The girls used to eat two hearty meals a day of meat, corn mash and vegetables and a small lunch. Now, when they are lucky, they get two small meals of corn mash and the rabe or spinach they grow in small gardens in their yards. When the government trucks selling corn don't come for a while -- and they haven't been to Nhwali for months -- they get only one meal, sometimes just vegetables.

An estimated 6 million of Zimbabwe's 12.5 million people are threatened by a hunger crisis caused by a terrible drought and the government's chaotic land reform program, which has badly wounded its agriculture-based economy, according to the World Food Program.

Nearly 7 million people in five other countries in southern Africa are also at risk of starvation.

WFP head James Morris, who is touring the region to inspect the crisis, appealed Friday for donor nations to increase their contributions to help head off a potential disaster in the region.

The agency, which is currently delivering 11,000 tons a month to Zimbabweans, hopes to increase that to 60,000 tons. They predict the situation will get much worse in the coming months.

Meanwhile, human rights groups accuse the government, which sells corn at the fixed price of less than $1 for an 110-pound bag, of refusing to sell grain to opposition supporters and making only sporadic deliveries to opposition strongholds.

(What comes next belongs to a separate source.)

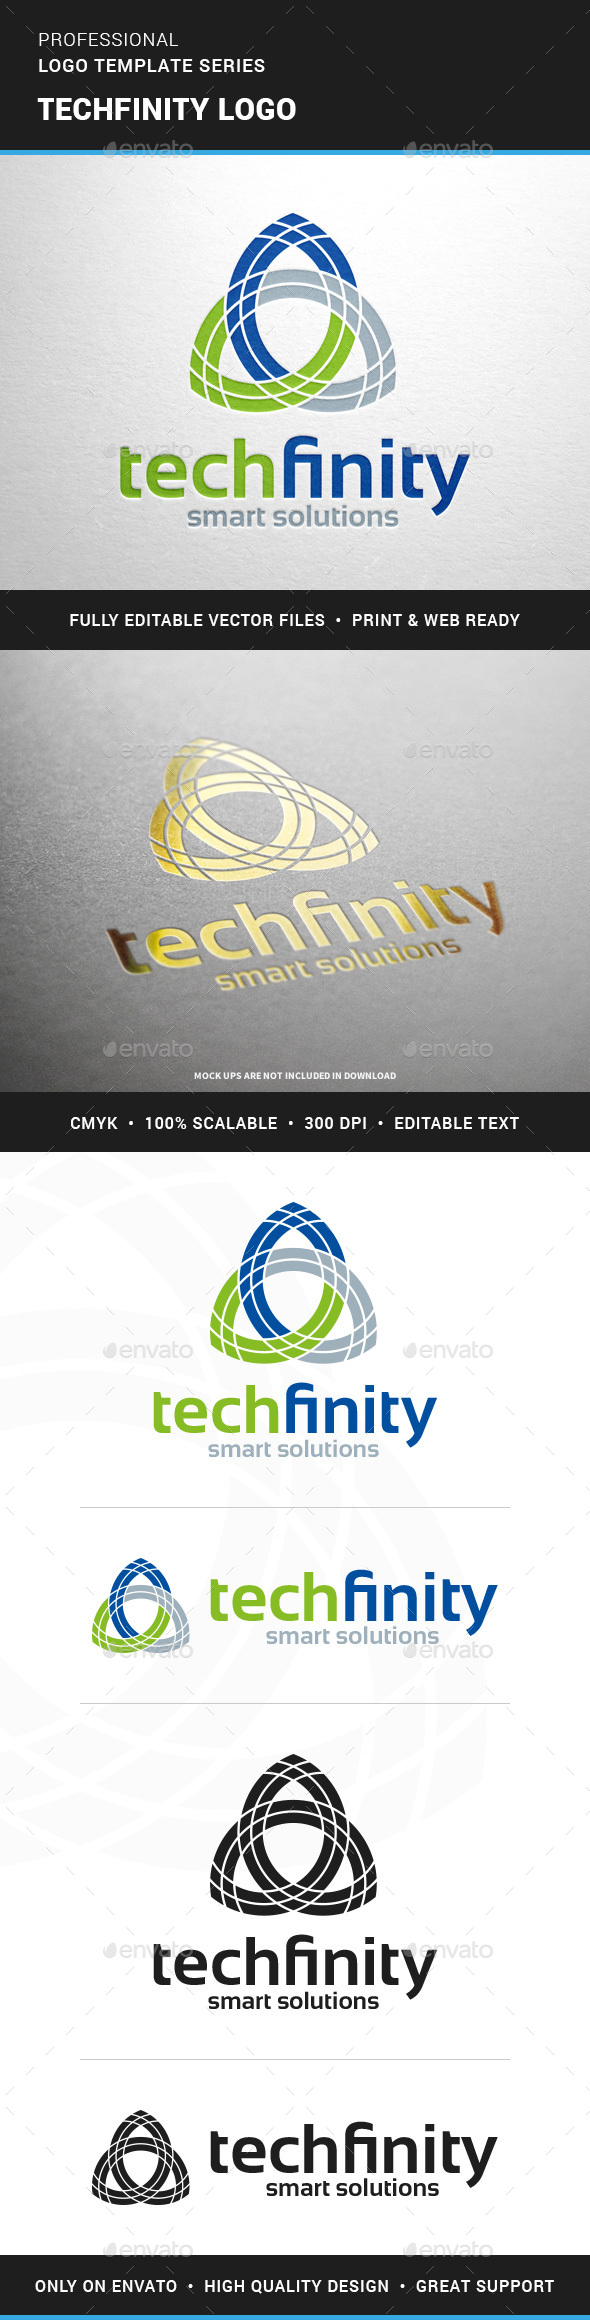 Techfinity Logo Template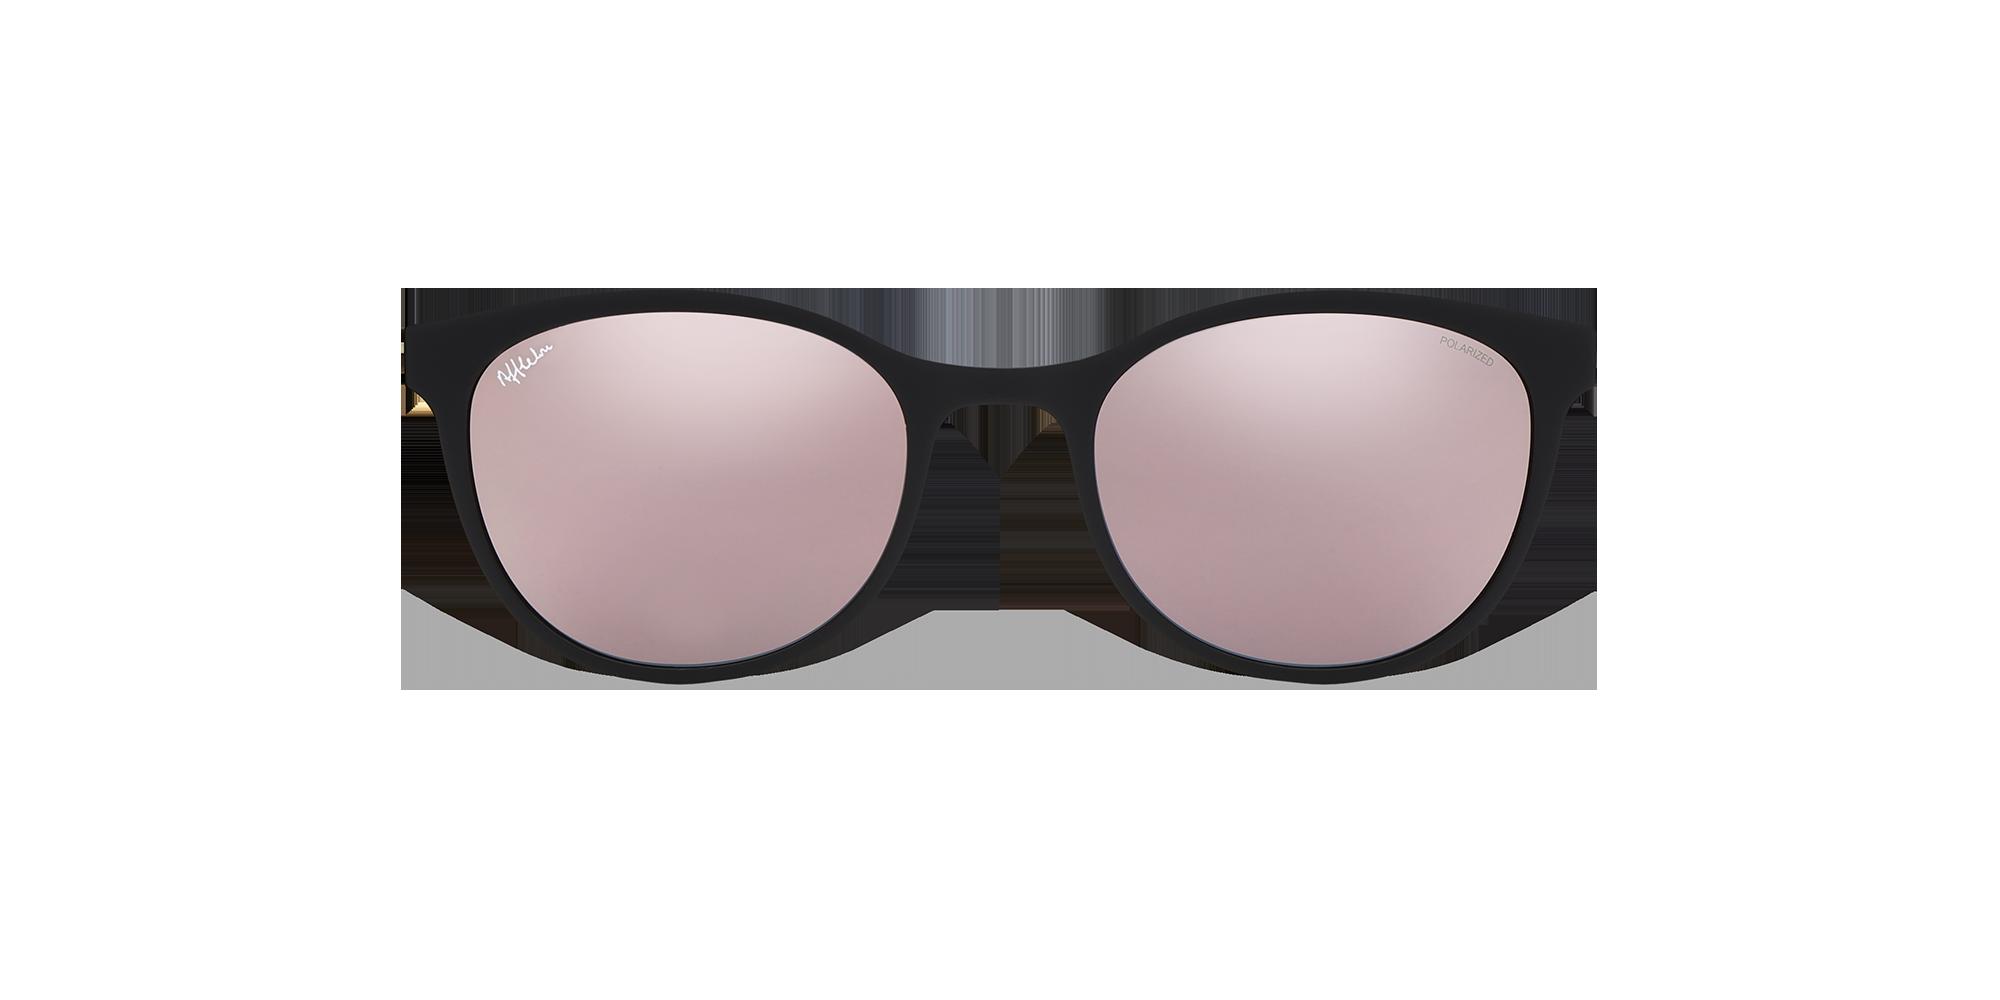 afflelou/france/products/smart_clip/clips_glasses/TMK45PRBK014818.png

The government denies its land reform policies are to blame for food shortages, saying drought is the sole cause. It also denies allegations that it is denying the opposition food.

When Morris arrived in Nhwali to inspect the distribution of WFP corn, an unprecedented seven government trucks filled with bags of corn for sale rolled up, the first time since July that even one truck has arrived to feed the 9,000 people in the area, deep in opposition territory.

Janet Siziba, a 73-year-old widow, waits in line with money she has borrowed from a neighbor to buy corn to feed herself, her grandson, his wife and their two children.

She and her grandson used to feed the family off the harvest from their tiny field and the earnings they made by making bricks for neighbors. But their field produced nothing this year, and no one has money to pay them for piecework.

So she begs door to door for small handfuls of grain and watches fearfully as her 1- and 4-year-old great grandchildren grow weaker.

Siziba says she has not even bothered to plow her tiny field for the upcoming planting season, for one central reason: "Where will I get the money to get the seed?"